Is there a peak during MN teacher's conference ? Not so sure anymore. Not as many MN kids hunt compared to 10 or 20 years ago. Many head to SD - pheasants. MN kids in sports are tied to football. Minnesota youth hockey now starts by October 10th for any boy 10 and over.

Ken you are correct - the average "working-man" Minnesotan would get hit hard with the one weekend restriction. I would argue back that these guys are probably hunting 5 days total in ND anyway. The guys hunting with guides on a one week trip would feel no impact.

Question : Not all ND land is prime or good for waterfowl. Is the prime waterfowl land primarily leased up by lodges and guides ??

Or is the main issue with resident hunters the competition with free lance NRs for federal WPAs and non posted land access ??

Need to decide what type of NR hunter impacts the quality of resident hunters the most and work to reduce that factor.


----------



## guppy (Mar 8, 2002)

I to like the idea of 1 week for NR and a set number of tags issued. But with setting up more units to spread these guys out are we really gaining ground?

What is the plan for chocking back the Outfitters/Guides numbers? This is radical but I like what Montana did to control the Elk farming. No new Elk farms and the current permits to raise are not transferable. This would work here to No more new Outfitters and the current permits are not transferable. I think the MT residents had to use the referal/special vote process to get the point across to the Polititions. Just a idea.


----------



## Eric Hustad (Feb 25, 2002)

I think a lot of people from other states would like the plan. You should be able to get a license and plan a week and I have heard from some people in Minnesota say that there needs to be something like this done because they don't want to come here and spend money for lousy hunting. With some zones pressure would be spread out and harder to lease or buy land because you don't know the zone you are hunting in. This is give and take so I think the founding idea is a good one. I also would like to see access stamps for everyone and give the money to landowners who let us on.


----------



## KEN W (Feb 22, 2002)

This would also mean residents only for the early Canada season and if the USFW gives us a Sept. 24 opener it would mean res. only the first week of the general season.It would also mean res, only after Nov 1.The snow hunting was great last Nov. in the southern part of the state.


----------



## prairie hunter (Mar 13, 2002)

If they go to zones. The people hunting with guides would get their zone choice.

Would the other people get to select a zone ? 1st and 2nd choice ? 2nd drawing for under sold zones ? Cost to run lottery / lotteries to ND G&F.

I am sure many NR would not come to hunt in ND if they were not drawn for their prefered zone. This could really work at reducing overall numbers. This could reduce potential leasing by NR in over subscribed zones.

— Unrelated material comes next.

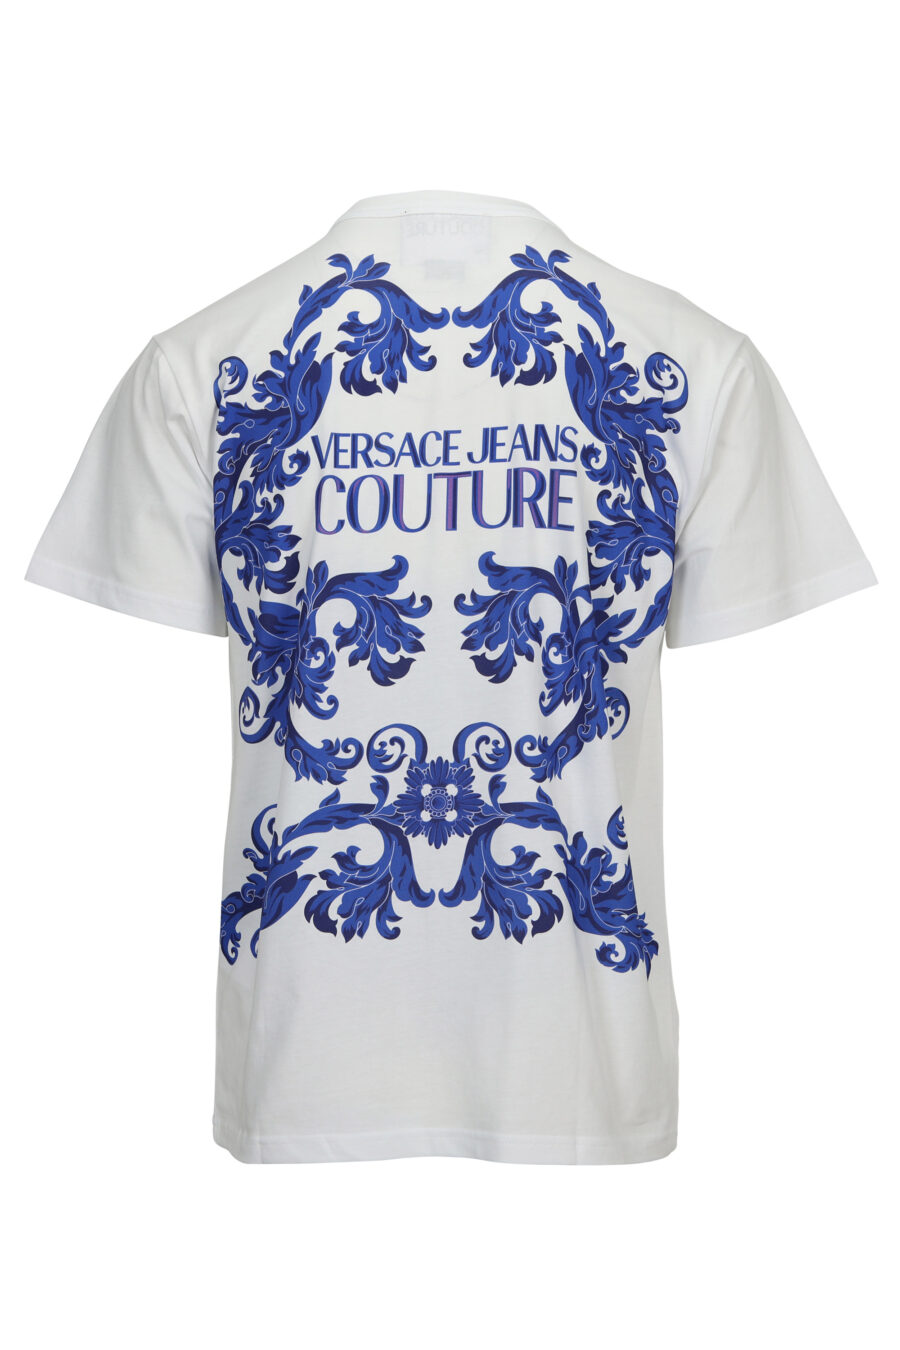 T-shirt blanc avec poche logo baroque bleu - 8052019611250 1

When you (a ND resident) apply for that buck deer license in SE ND and are denied - would you take a buck license in another part of the state you have never visited ? Or sit until next year for a buck license ?

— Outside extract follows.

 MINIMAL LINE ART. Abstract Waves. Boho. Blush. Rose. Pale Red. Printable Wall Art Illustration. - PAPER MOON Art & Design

What about retired ND farmers living in AZ or a NR coming home to hunt the "homestead" with dad ? If they are impacted by this new system would the land be post in revenge or anger ?

[ This Message was edited by: prairie hunter on 2002-04-04 07:42 ]


----------



## prairie hunter (Mar 13, 2002)

Ken:

The early Canada goose season SHOULD be residents only.

Do you really think any guide or outfitter would give up that extra week in September or first week in Nov ?

[ This Message was edited by: prairie hunter on 2002-04-03 16:00 ]


----------



## Eric Hustad (Feb 25, 2002)

There has got to be give and take and people can always come back for deer season. We take less money to live here so if people want to hunt that bad then move back to the state. Residents should get some rights for freezing up here. Landowners who live in AZ would be granfathered in I'm sure and college kids keep an address here anyway. I don't think landowners would post in response especially if we can raise fees for all hunters residents and non. raise guide fees and dole the money out to the landowner. People make the choice to live here or not. This might be good for econ. development in ND because if people who love to hunt are restricted then maybe they will move back and bring money into the state by living here...just a thought.


----------



## KEN W (Feb 22, 2002)

prarie hunter,

I agree about the early Canada season.I was just making a point.I also don't have a problem with the first week being res. only.

I am mainly talking about freelancers who would want to come after Nov. 1 if the birds are here like last year.I'm not saying I am against it.I really think this kind of proposal would benefit guides and outfitters and hurt neighboring states freelancers.


----------



## Field Hunter (Mar 4, 2002)

The article in the paper is a start. I'll agree with a couple of you in that, why is the 30,000 hunters the number that has come up in the discussion? The 30,000 NRs in the paper is roughly the record number of NRs that ND has ever hosted. 30,000 is too many if we don't spread them out more. Let's not settle on a number right now. Let everyone study this issue and come up with a workable number of NRs. The selling of permits over the course of the season is a great idea but we also need to spread out the NRs as to the areas they hunt. Give the Devils Lake area more if they can support them and give SE ND less if they can't support as many.


----------



## bioman (Mar 1, 2002)

As a non-resident, I find it very curious that the proposed cap number just happens to coincide with last years NR numbers. Does anyone out there think that NDG&F had any say in this cap figure??? Of course they did. When approximately 80% of their revenue is generated through license sales, they aren't going to stop that cash cow from depositing huge sums of money into their general fund.

Once these agencies get flush with money in their general funds, they get used to spending this money on equipment, etc. All one would have to do is look at their general budget expenditures over ther past five years (which coincides with the exponential growth of NR license sales) and attempt to find out where all of this huge influx of license revenue is going. I'll bet you would be very hard pressed to find that in habitat restoration and access programs. Lastly, if you look at their history, this agency lags behind most other states when it comes to habitat restoration, hunting access, etc. Of course, the current director likes to portray that the state has done such a good job of developing its resources. That is about as phony as Al Gore claiming to have invented the internet.


----------



## Dr. Bob (Mar 3, 2002)

This proposal sounds fair to me but.........It does not address the issue of huge amounts of leased land being taken up by the outfitters. That problem needs to be looked at too!

Dr. Bob


----------



## prairie hunter (Mar 13, 2002)

Game and Fish Departments all have there need for money.

ND needs the NR waterfowlers
MN needs the NR anglers
SD needs NR pheasant hunters.

Yes SD have very tight caps on waterfowl hunters (and a third of those waterfowl licenses are essentially for guides only), but the number of pheasant hunters in SD is unlimited. Didn't South Dakota sell nearly 60,000 non-resident pheasant licenses last year ?

Each DNR has different strategies for access. South Dakota has walk-in access program where they lease land. Minnesota purchases land every year to add to their wildlife management lands. ND does a little of everything a little land acquisition, a little PLOTS, etc...

Why not let the US F&W buy land for WPAs like they could before ?? Land free to hunt with little cost to most NDs.


----------